The Seed Detective: Uncovering the Secret Histories of Remarkable Vegetables

The Seed Detective: Uncovering the Secret Histories of Remarkable Vegetables, Adam Alexander's spirited introduction to the contemporary seed-saving movement and the relevance of vegetables to the human story, celebrates the hundreds of traditional, historically valuable crops rescued from extinction by a quiet cavalry of local farmers around the world.

Alexander, a film and television producer with a lifelong passion for growing food, is a seed guardian for the Heritage Seed Library in the U.K. He seeks indigenous varieties of key food seeds on his extensive global travels.
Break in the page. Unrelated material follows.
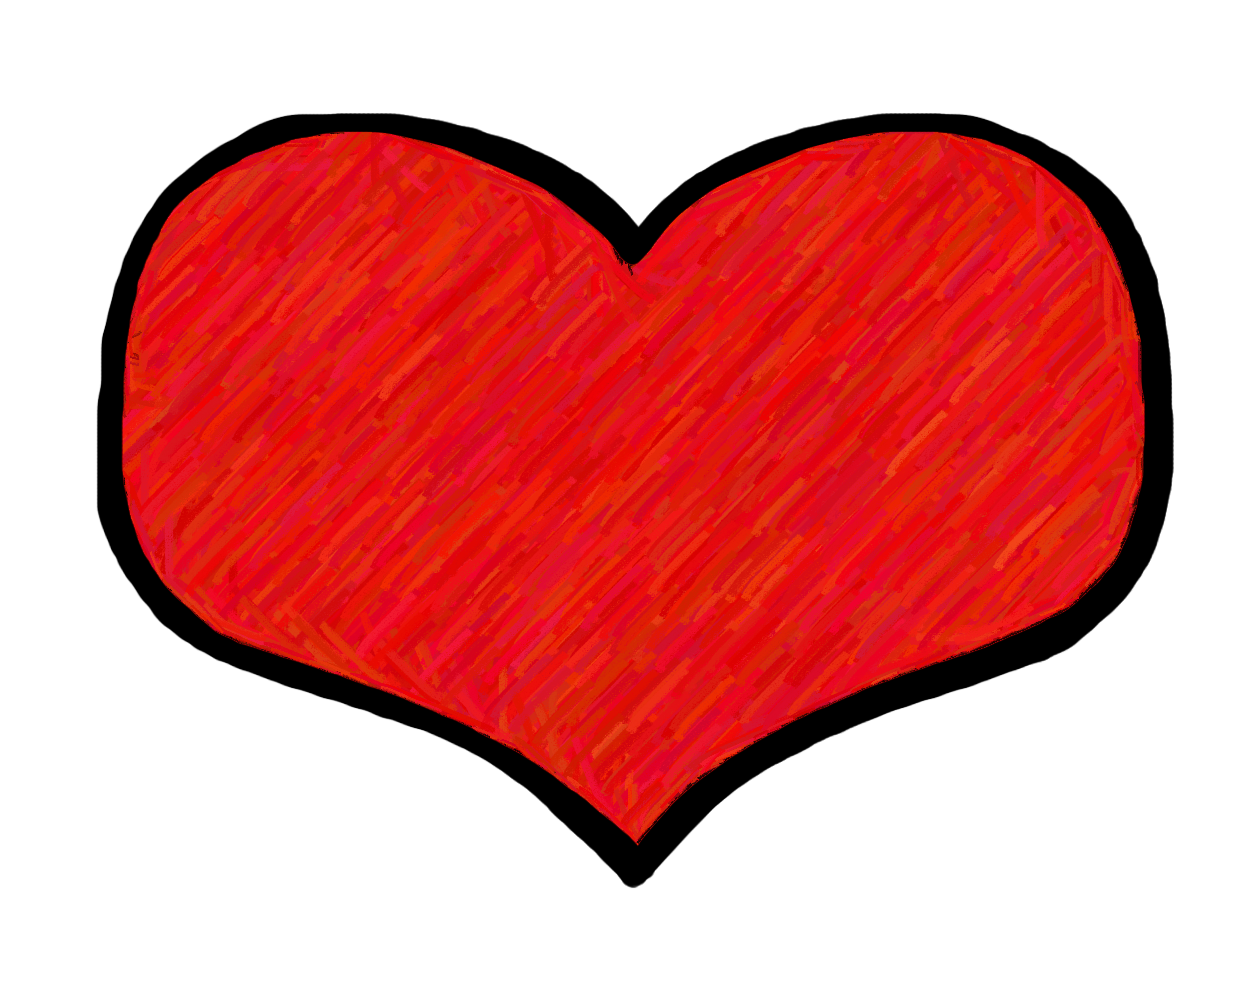 1260x994 Heart Clip Art Cute Image

Maintaining a library of 499 seed varieties, most no longer commercially available, Alexander is on a mission to promote the deliciousness, sustainability and biodiversity of locally grown crops over those that have been "industrialised, patented, corralled into tasteless cosmetic versions of goodness." He shares seed with gardeners much like himself--and with displaced people so that they can grow crops from their native lands.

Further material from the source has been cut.